Creating a level playing field for foreign, local entrepreneurs

In May this year Samoa’s international gateway became one of few aerodromes in the region to have an apron and aerobridges.

The  commissioning of the Faleolo International Airport’s new features cost over $50 million tala, and was financed through separate funding mechanisms courtesy of China and the World Bank in partnership with the Samoa Government.

The investment should over time lead to an increase in passenger traffic into and out of Faleolo, as frequent flyers enjoy the new travel experience when checking in to depart or arrive in the country.

But the decision by the Government – through the Ministry of Works Transport and Infrastructure – to award a contract to run a café at the airport has raised eyebrows and triggered accusations of favouritism. The Tang Cheng restaurant – which has become the subject of scrutiny following the awarding of the contract – is in the food court section of the airport lounge, and is one of four eateries.

There are concerns amongst former food caravan operators, who provided a similar service at the airport prior to the multimillion tala upgrade, that nationally-owned firms continue to miss out on similar opportunities.

But Minister of Works Transport and Infrastructure, Papali’i Niko Lee Hang, rejected the favouritism charge in the awarding of the contracts and indicated that the successful vendor was the highest bidder.

“The awarding of the contract was based on merit and the tenants followed the process in place. There is no favouritism! The tenant who won the tender submitted the highest bid,” he told Samoa Observer in an interview.

The Minister then referred the matter to the Samoa Airport Authority CEO Silimanai Ueta Solomona, but the former said his office did not get any complaints from their former tenants.

“We know of only one tenant that operated a caravan in the carpark area and that business continues to operate in the new terminal,” said Silimanai.

“The establishment you refer to, submitted a proposal and was accepted by Samoa Airport Authority. In response to ‘favoritism’, Samoa Airport Authority considers all proposals favorably in as long as it aligns with the objectives of Samoa Airport Authority’s strategic plans and meets the needs of her guests and employees.”

The response by the Minister and the SAA CEO – based on my interpretation – means that there are no special concessions given to locally-owned businesses, when it comes to investment opportunities such as this. 

The position of the Ministry and the SAA to award this and other contracts to the highest bidder has downsides: locally-owned entrepreneurs get to miss out on investment opportunities, and you open the door to increasing foreign ownership of local businesses, further marginalising local entrepreneurs.

Perhaps a review of Samoa’s Reserved List by the Ministry of Commerce Industry (MCIL) and Labour is timely, in light of public concerns at the alarming expansion of foreign-owned retail outlets in Apia.

In February this year there were concerns in Samoa that foreign investment enterprises were the only beneficiaries of the Government’s business assistance scheme. But the MCIL Assistant CEO (industry development and investment promotion, Fiu Jacinta Matulino, denied there was favouritism.

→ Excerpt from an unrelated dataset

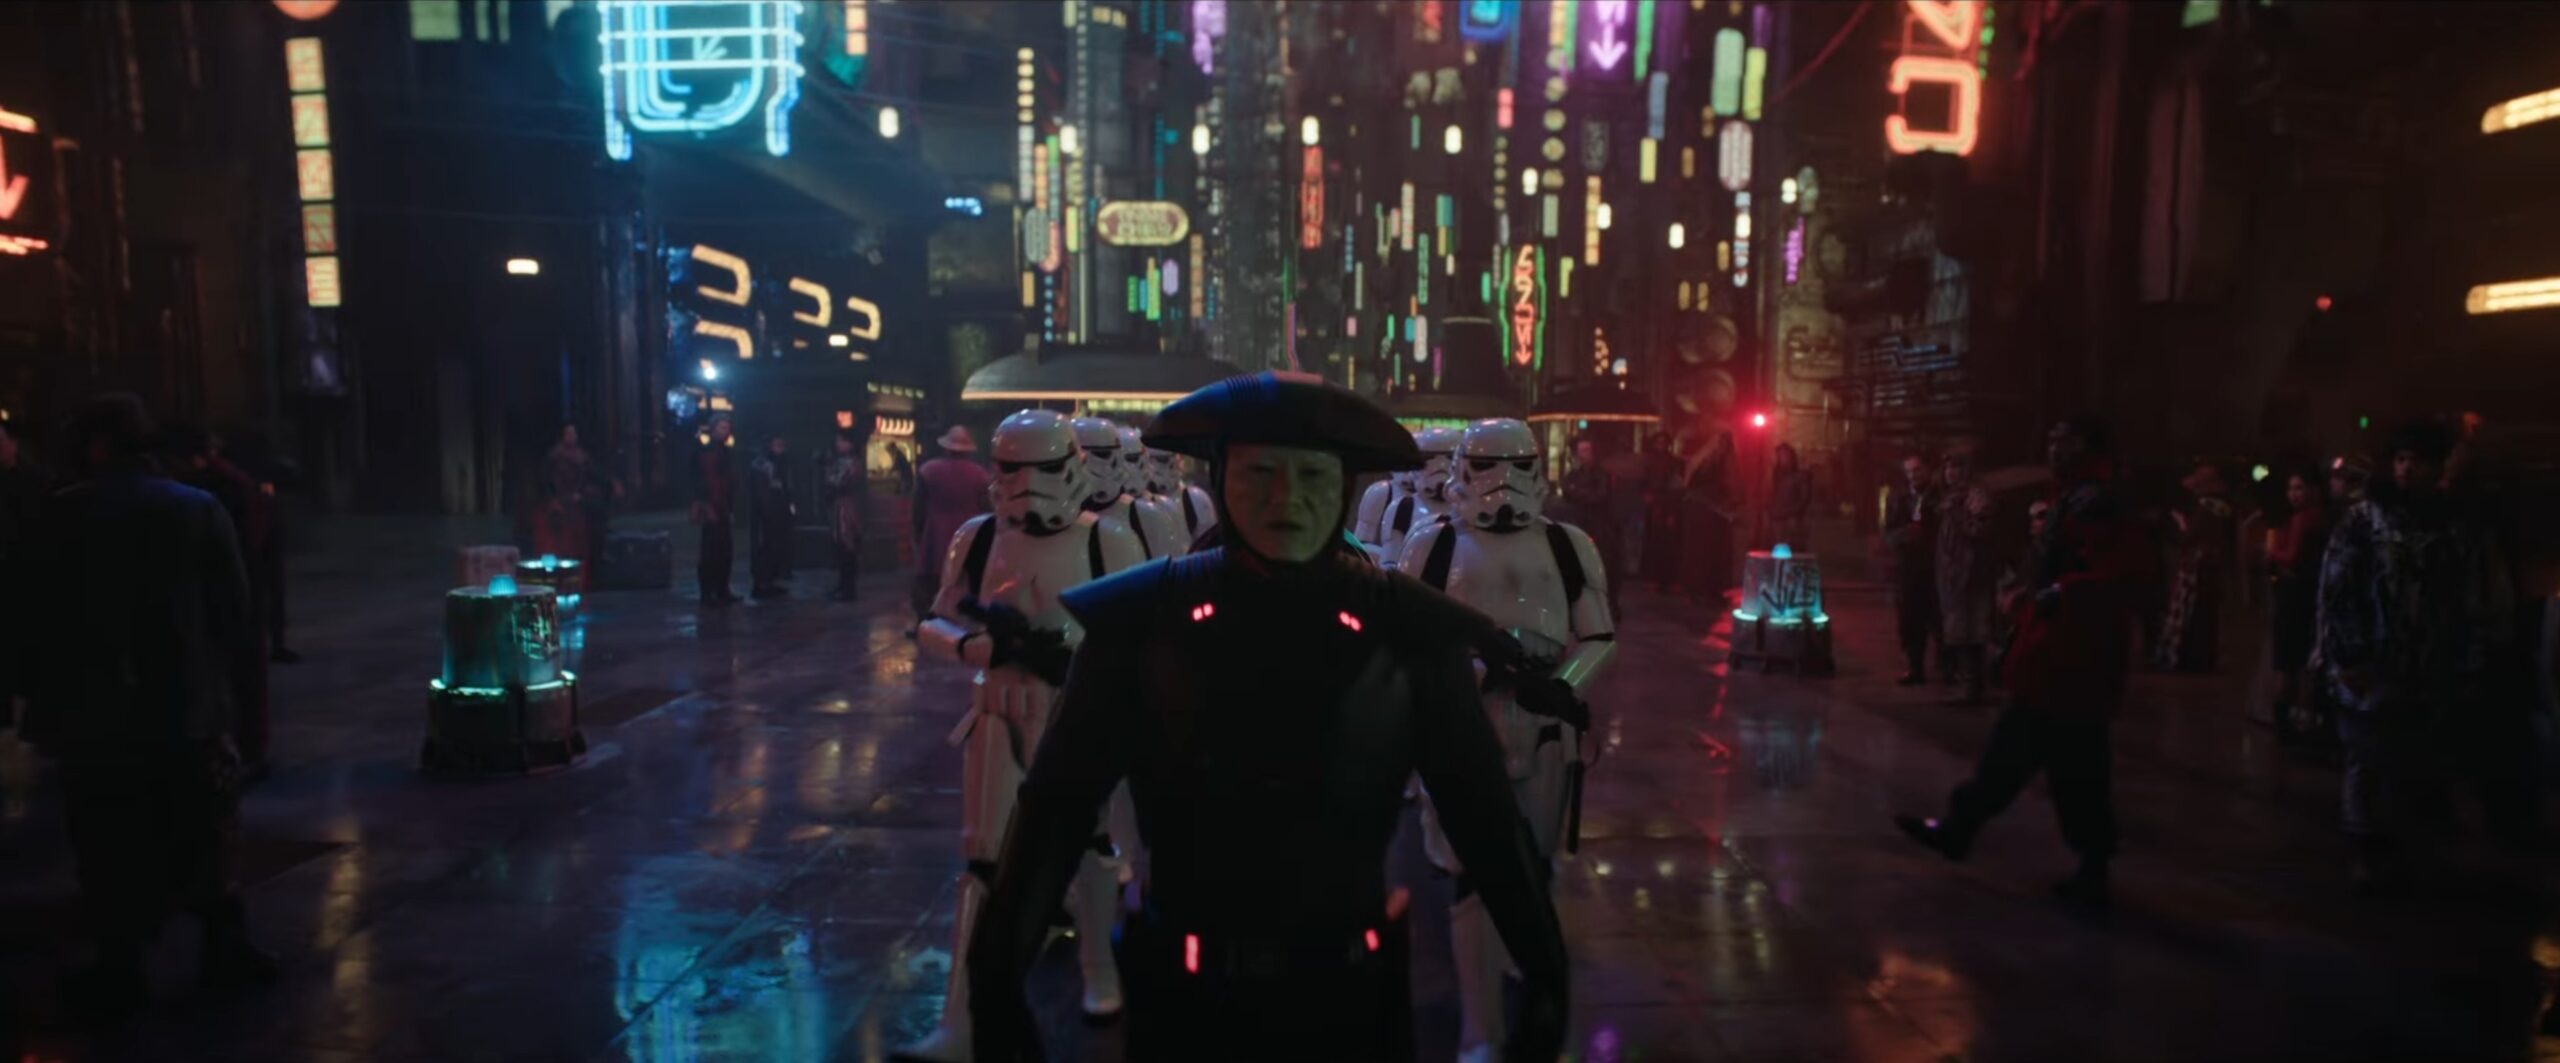 Obi-Wan Kenobi Teaser Trailer Released

“The Ministry reaffirms that there are no favoritisms, and that all eligible businesses inclusive of local businesses, are entitled to the assistance schemes administered by the Ministry,” she told this newspaper back then. 

Some of the complaints at that time zoomed in on the alleged involvement of non-citizens in business activities, which are placed under the Government’s “reserve list” and only for Samoans. 

But Fiu denied the accusations and said her office had yet to receive a complaint in relation to that at that time.

“Mainly on the issue of involvement of non-citizens in activities listed in the reserved list, mainly in the ‘retailing’ activity, where these businesses were reported to be registered under citizens, to obtain business licenses and to avoid the foreign investment enterprise registration process with Ministry of Commerce Industry and Labour." 

“No complaint has been received with regards to the registration process, fees charged and the monitoring process carried out by the Ministry.” 

While we do not question the competencies of the MCIL officers in terms of enforcement and monitoring of the reserve list, an annual review of the list of foreign-owned businesses and whether they are in compliance with the necessary laws, could be the first step towards addressing some of the concerns expressed by local businesses and entrepreneurs.

Have a lovely Saturday Samoa and God bless.